SAFE Port Act
- Other short titles: Unlawful Internet Gambling Enforcement Act of 2006; Warning, Alert, and Response Network Act;
- Long title: An Act to improve maritime and cargo security through enhanced layered defenses, and for other purposes.
- Acronyms (colloquial): SPA
- Nicknames: Security and Accountability For Every Port Act of 2006
- Enacted by: the 109th United States Congress
- Effective: October 13, 2006

Citations
- Public law: 109-347
- Statutes at Large: 120 Stat. 1884

Codification
- Acts amended: Maritime Transportation Security Act of 2002 Homeland Security Act of 2002 Tariff Act of 1930
- Titles amended: 6 U.S.C.: Domestic Security; 46 U.S.C.: Shipping;
- U.S.C. sections created: 6 U.S.C. ch. 3 § 901 et seq.
- U.S.C. sections amended: 46 U.S.C. ch. 701, subch. I § 70101 et seq.

Legislative history
- Introduced in the House as H.R. 4954 by Dan Lungren (R-CA) on March 14, 2006; Committee consideration by House Homeland Security, House Transportation and Infrastructure; Passed the House on May 4, 2006 (421-2 Roll call vote 127, via Clerk.House.gov); Passed the Senate on September 14, 2006 (98-0 Roll call vote 249, via Senate.gov); Reported by the joint conference committee on September 29, 2006; agreed to by the House on September 30, 2006 (409-2 Roll call vote 516, via Clerk.House.gov) and by the Senate on September 30, 2006 (Agreed unanimous onsent); Signed into law by President George W. Bush on October 13, 2006;

= SAFE Port Act =

Law regulating port security and online gambling

The Security and Accountability For Every Port Act of 2006 (or SAFE Port Act, ) was an Act of Congress in the United States covering port security and to which an online gambling measure was added at the last moment. The House and Senate passed the conference report on September 30, 2006, and President George W. Bush signed the Act into law on October 13, 2006.

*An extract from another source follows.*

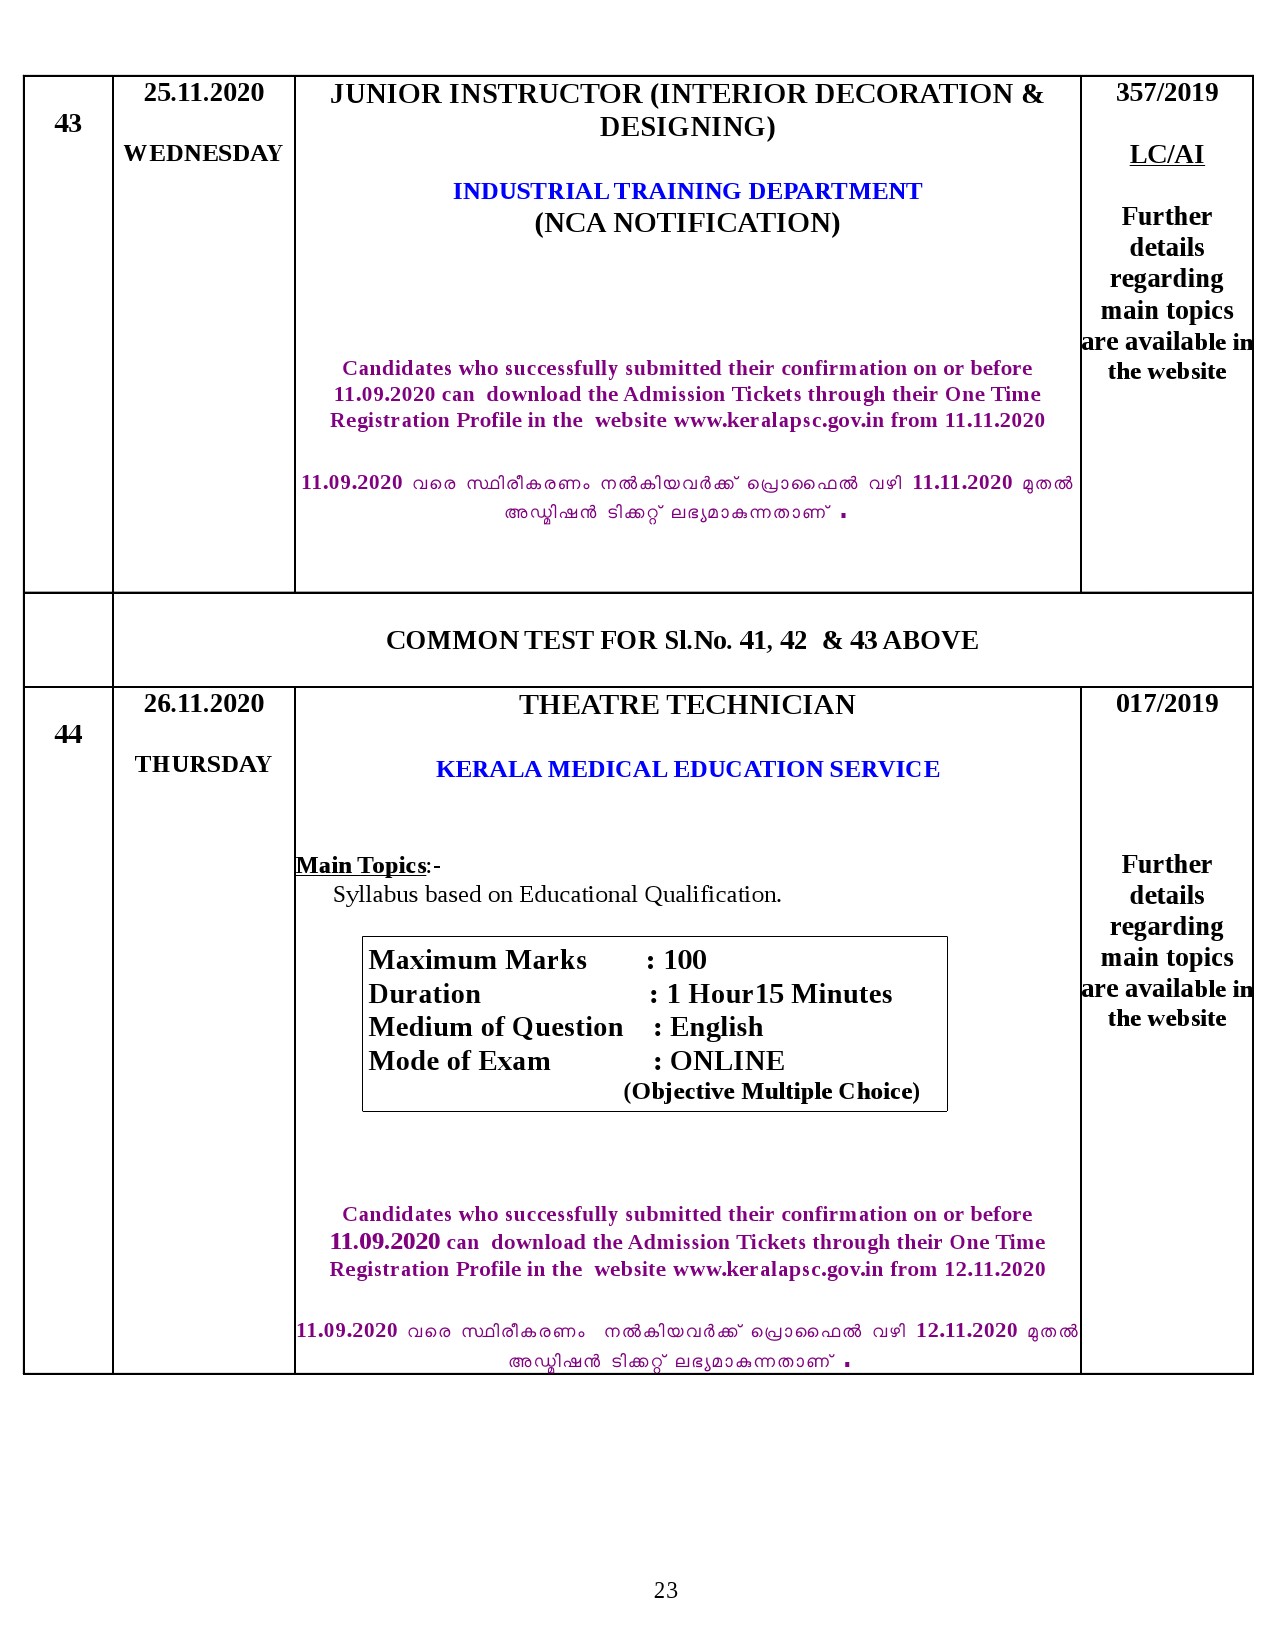 Kerala PSC Final Exam Schedule for November 2020 - Notification Image 23

==Port security provisions==
The port security provisions were one of 20 bills introduced to Congress in the wake of the Dubai Ports World controversy that aimed to block Dubai Ports World acquiring P&O Ports, and more generally to stop key US ports falling into the hands of foreign owners by changing the Exon–Florio Amendment. The act codified into law a number of programs to improve security of U.S. ports, such as:

- Additional requirements for maritime facilities
- Creation of the Transportation Worker Identification Credential
- Establishment of Interagency Operations Centers for port security
- Port Security Grant Program
- Container Security Initiative
- Foreign port assessments
- Customs Trade Partnership against Terrorism

In addition, the Act created the Domestic Nuclear Detection Office within the Department of Homeland Security and appropriated funds toward the Integrated Deepwater System Program, a long-term U.S. Coast Guard modernization program.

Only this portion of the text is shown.